The ADM muscle is transferred across the palm to the thumb MP joint, passed subcutaneously.
FDS opposition transfer
A longitudinal (or transverse) incision is made in just proximal to the MP flexion crease of the ring finger, approximately 1.5 cm in length (Figure 3). The A1 pulley is opened and the FDS tendon is identified. It is drawn out of the incision and transected as distally as possible. It is not necessary to incision further in the digit for additional length because the tendon length obtained from an incision at the level of the A1 pulley is adequate for the transfer. A second incision is made proximal to the wrist flexion crease and slightly ulnar to the palmaris longus tendon, approximately 2 cm in length. The FDS tendon to the ring finger is identified in the volar wrist wound. Often times it is necessary to free the tendon from surrounding adhesions in the distal wound to allow it to be drawn out in the proximal wound. The distal incision is then closed. The FDS must now be taken across the palm to the thumb MP joint (Figure 4). There are multiple options for creation of a pulley to provide an effective line of pull for the FDS tendon (17) and no one pulley has been found to be superior. More distally placed pulleys will result in greater flexion and adduction force of the transfer, while more proximal pulleys result in greater palmar abduction of the transfer. We recommend using the flexor carpi ulnaris (FCU) tendon as a pulley. A small portion of the FCU tendon is cut, folded, and sutured in place as a tendon loop, to act as a pulley. Another option is to simply pass the FDS tendon through the FCU tendon with a stay stitch placed proximally to avoid proximal migration of the incision in the FCU. An alternative is to utilize the transverse carpal ligament as a pulley. A strip of tissue can be used from the ligament to create a pulley.
Figure 3.
The incisions for the FDS opposition transfer.
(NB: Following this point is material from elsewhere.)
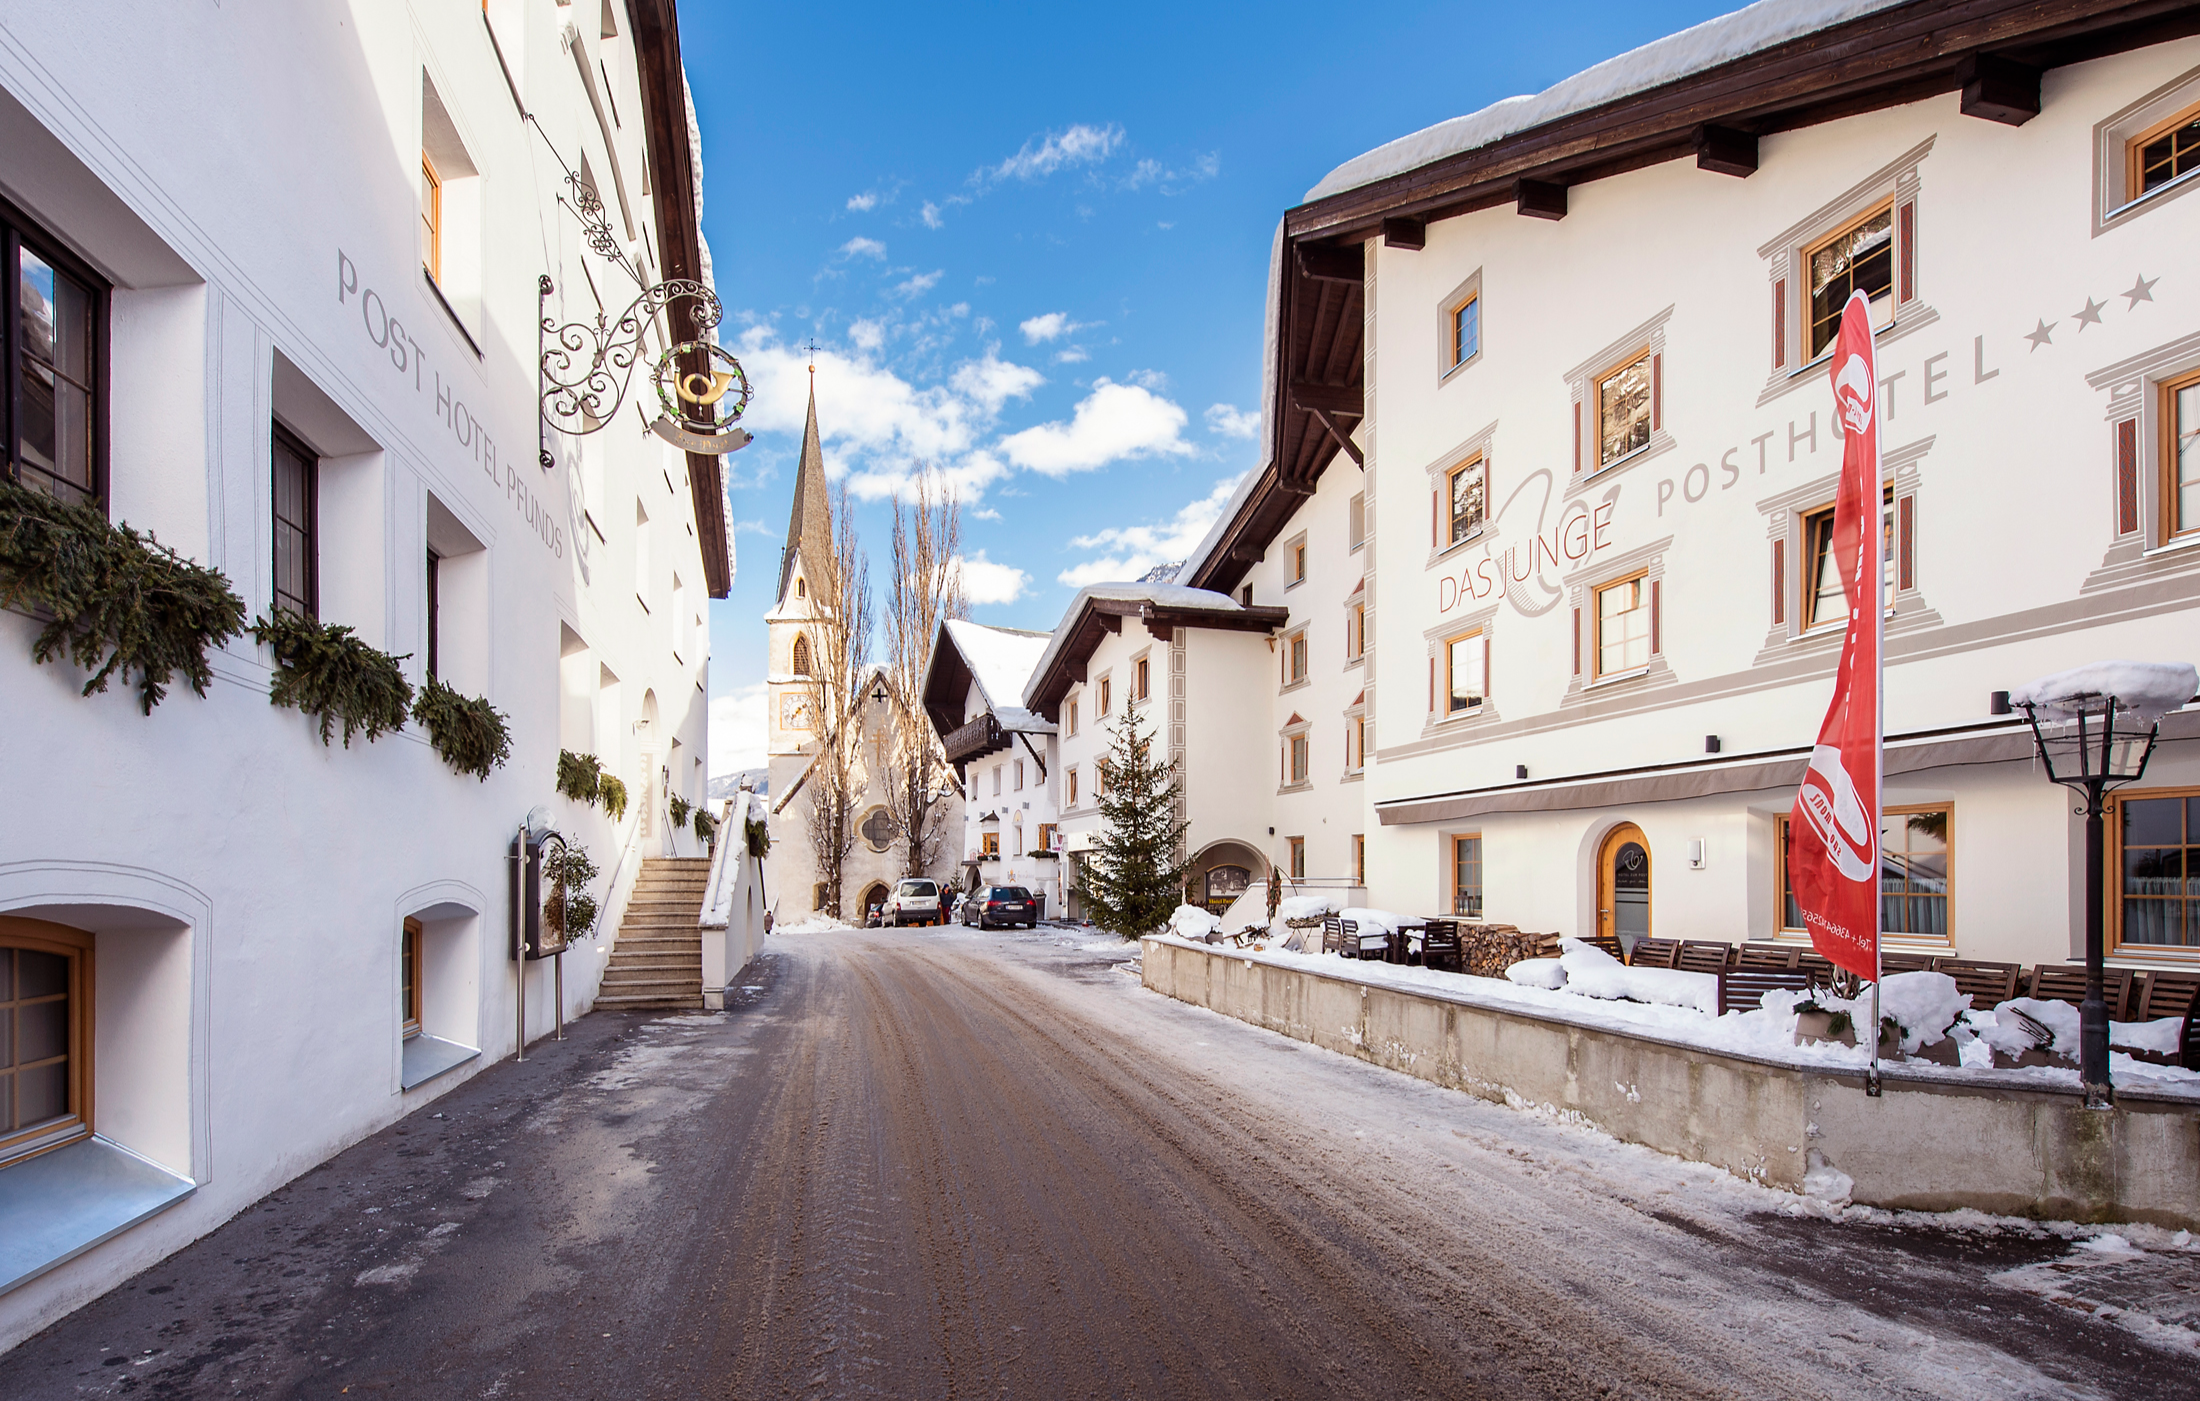 aktivurlaub-im-schnee-samnaun-bg41610548251

One incision is made at the base of the ring finger for harvest of the FDS tendon. A second incision is made proximal to the wrist flexion crease to bring out the FDS tendon and placed through the FCU tendon. A third incision is made over the radial boarder of the thumb MP joint.
Figure 4.
The FDS tendon is transferred across the palm to the thumb MP joint, passed subcutaneously.
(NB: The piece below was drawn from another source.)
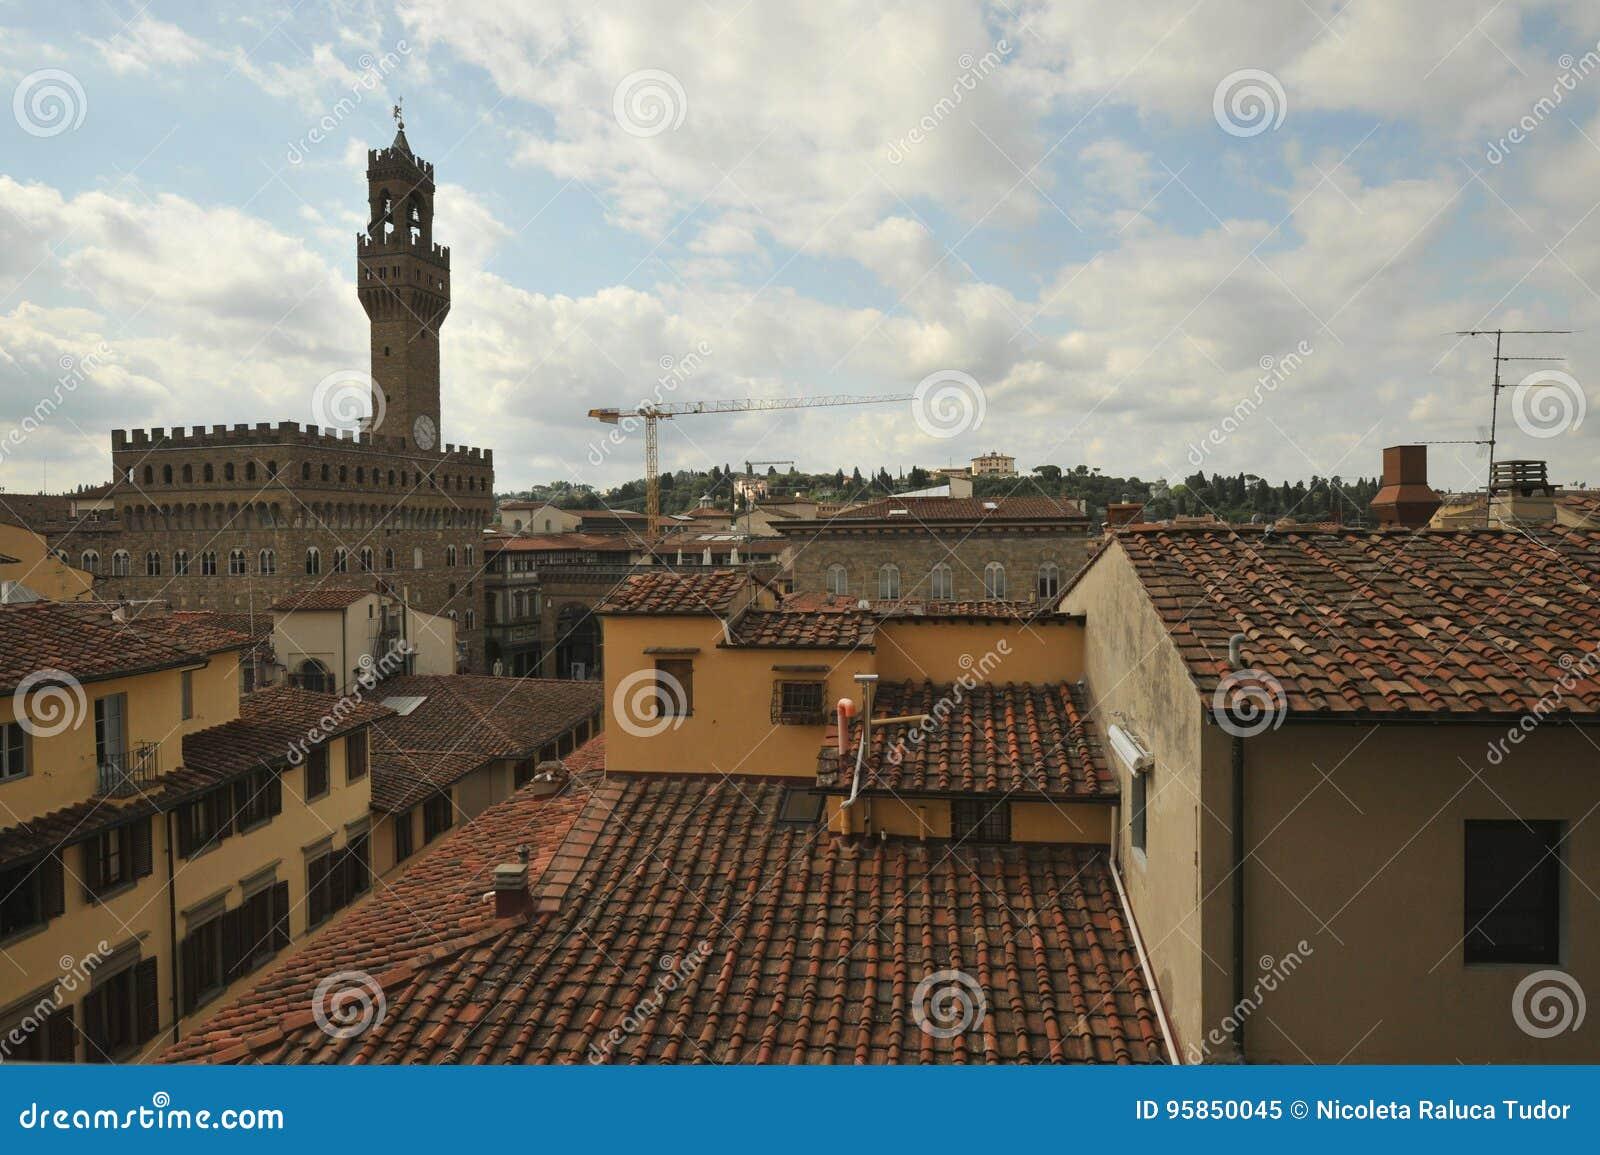 Fantastisk sikt i Florence, Palazzo Vecchio som ses från ett hotell

After the chosen pulley is created, a blunt Kelly retractor is passed across the palm making a wide tunnel through which the FDS tendon is passed. The proximal incisions are closed. An accepting incision is made on the radial border of the thumb MP joint and the FDS tendon is delivered. A hole is created transversely through the neck of the metacarpal. This can be with drill or a manual punch tool. The FDS tendon is passed to the ulnar side of the thumb MP joint. The tendon is secured to the palmarly abducted metacarpal. The thumb ulnar collateral ligament is reconstructed by suturing to the periosteum at the base of the proximal phalanx (or attaching with a suture anchor). If there is instability of the radial collateral ligament of the thumb MP joint, the FDS tendon can be split longitudinally, with half passed into the metacarpal to reconstruct the ulnar collateral ligament and the remaining half used on the radial side to reconstruct the radial collateral ligament.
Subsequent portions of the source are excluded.